# Can anyone tell me about the Barnett Vortex Compound Bow package ????



## The G (Nov 12, 2009)

Its a good bow, at the longer drawlengths you can't get it down to what you can at the shorter drawlengths as far as draw poundage.
the only complaint that I've heard about it is the limb bolt threads, but the kid I know that uses one, hasnt had any trouble with hers yet.
its a good bow for the money, I think the limb bolts would only give you trouble if you tried backing them out to much.


----------



## akkiller (Jul 8, 2012)

thank you for the reply like i sead ill get the boys something better later if thay stay with but im not going to drop 4 or 500.oo on some thing that just going to sit in the bed room


----------



## cgchris99 (Apr 10, 2003)

As long as you realize you're buying a toy, you'll be fine.

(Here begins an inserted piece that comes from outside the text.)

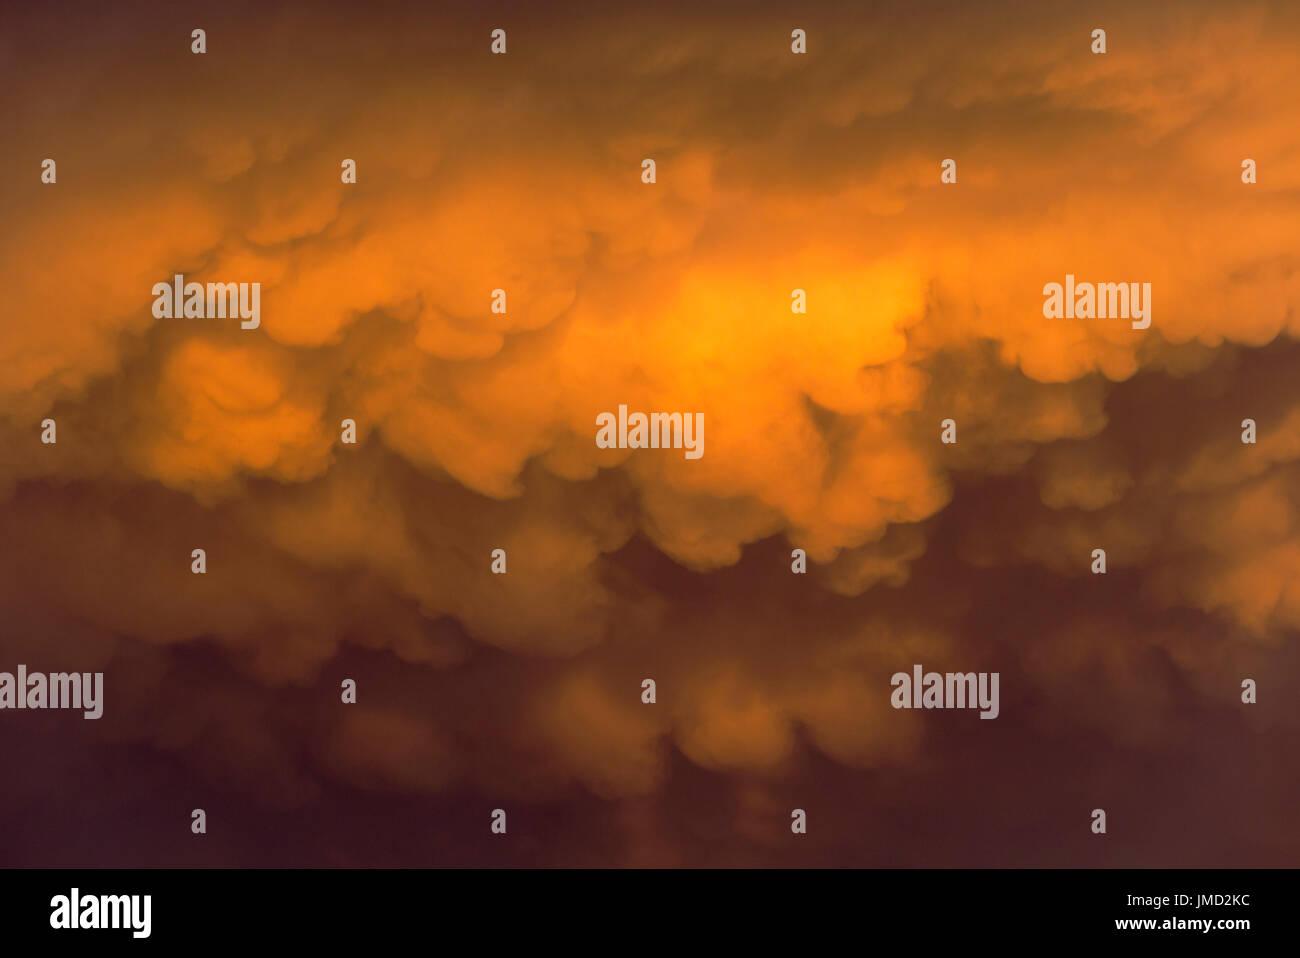 Cumulonimbus cloud in the evening during the rainy season. Kalahari Desert, Kgalagadi Transfrontier Park, South Africa. - Stock Image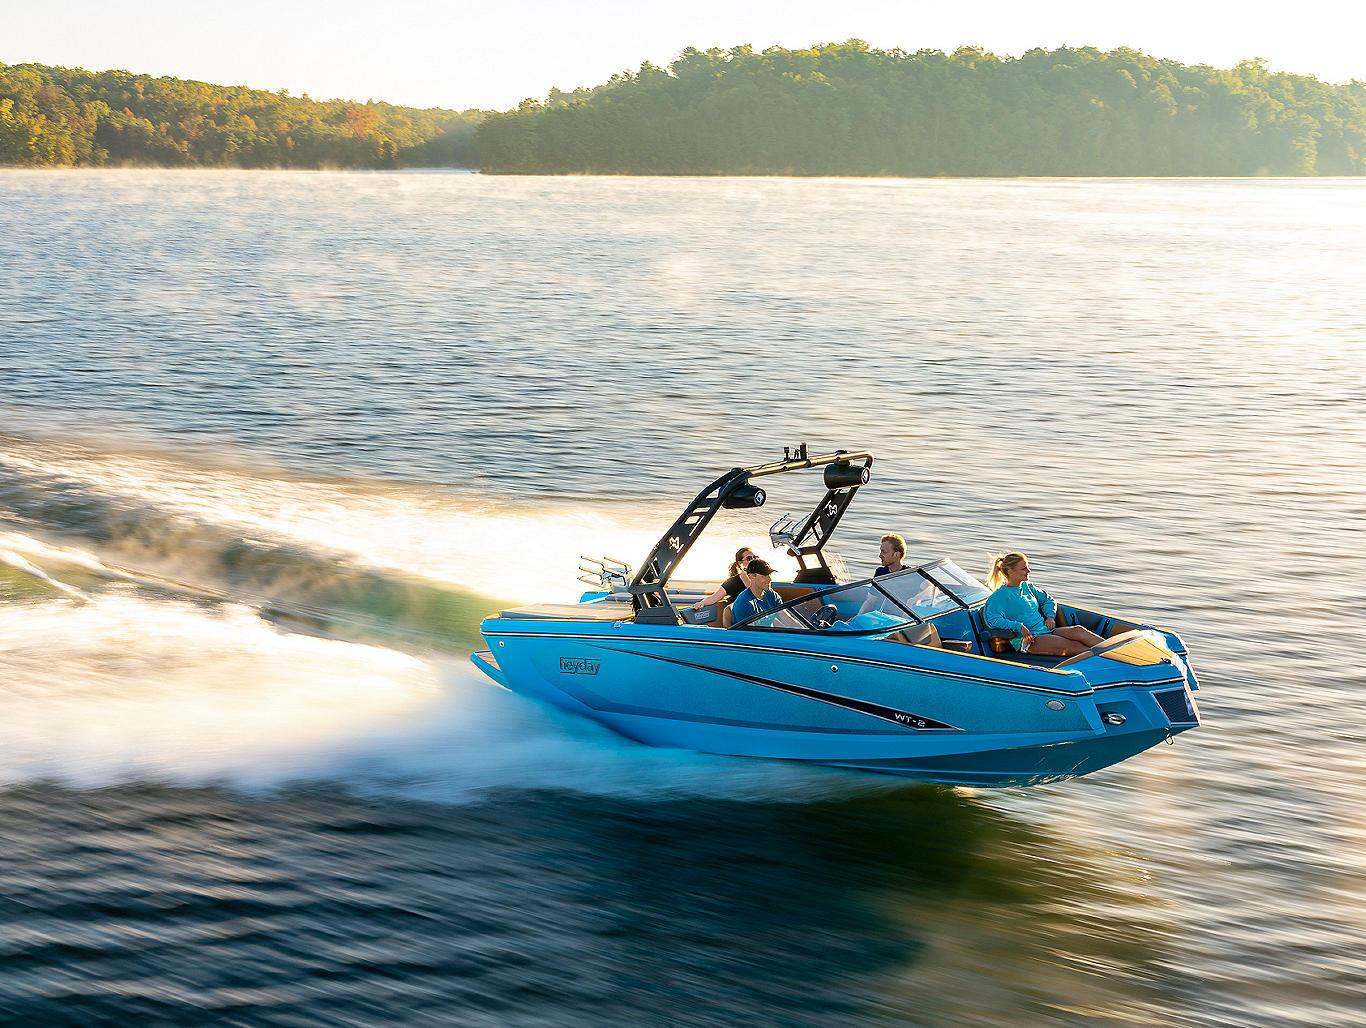 WT2-BlueBoat-Running

If they get serious at all or you want them to shoot well, look at other options. The Craze and Diamond Razor Edge are totally in a different class than the Barnett Vortex.


----------



## mattheww1377 (Apr 8, 2010)

My 14 yr old shoots a barnett vortexx... the factory strings are about the only complaint... pretty quiet and fast for what it is..


----------



## hjort jagare (Nov 19, 2008)

Its kinda a cross between a toy Bear Brave bow and a real bow. The rest is junk so figure another $39.00 or so for a real one. Also be carefull changing the mods out the screws strip easy. They can be changed without a press so thats good.


----------



## akkiller (Jul 8, 2012)

Thanks for all the input I puked up a bear apprentice 2 instead of the barnett it was 110.00 more but by the time I would have gotten a new rest and sight I would have been about 30.00 cheaper and the apprentice I feel like is better quality anyway.. The apprentice 2 is fully adjustable draw length 15'' to 27'' and draw weight 20-60 lb with out a press. Bow specs 265 fps (ibo) 271/2" axel to axel 6'' brace height 2.9lbs. and 70% let-off. I got this bow for the 12 year old its his b-day gift and he relly likes it. I wanted to thank all of you for the help and if anyone is looking for a youth bow the bear apprentice 2 is a great bow for the money.


----------



## badbow148 (Dec 5, 2006)

sounds like you did the right thing that is a very nice set up you have with the Bear bow.


----------



## akkiller (Jul 8, 2012)

Thank you I feel like its a very nice bow for the money and the best part it grows as he grows and I can adjust it for me it shoot if I had to.


----------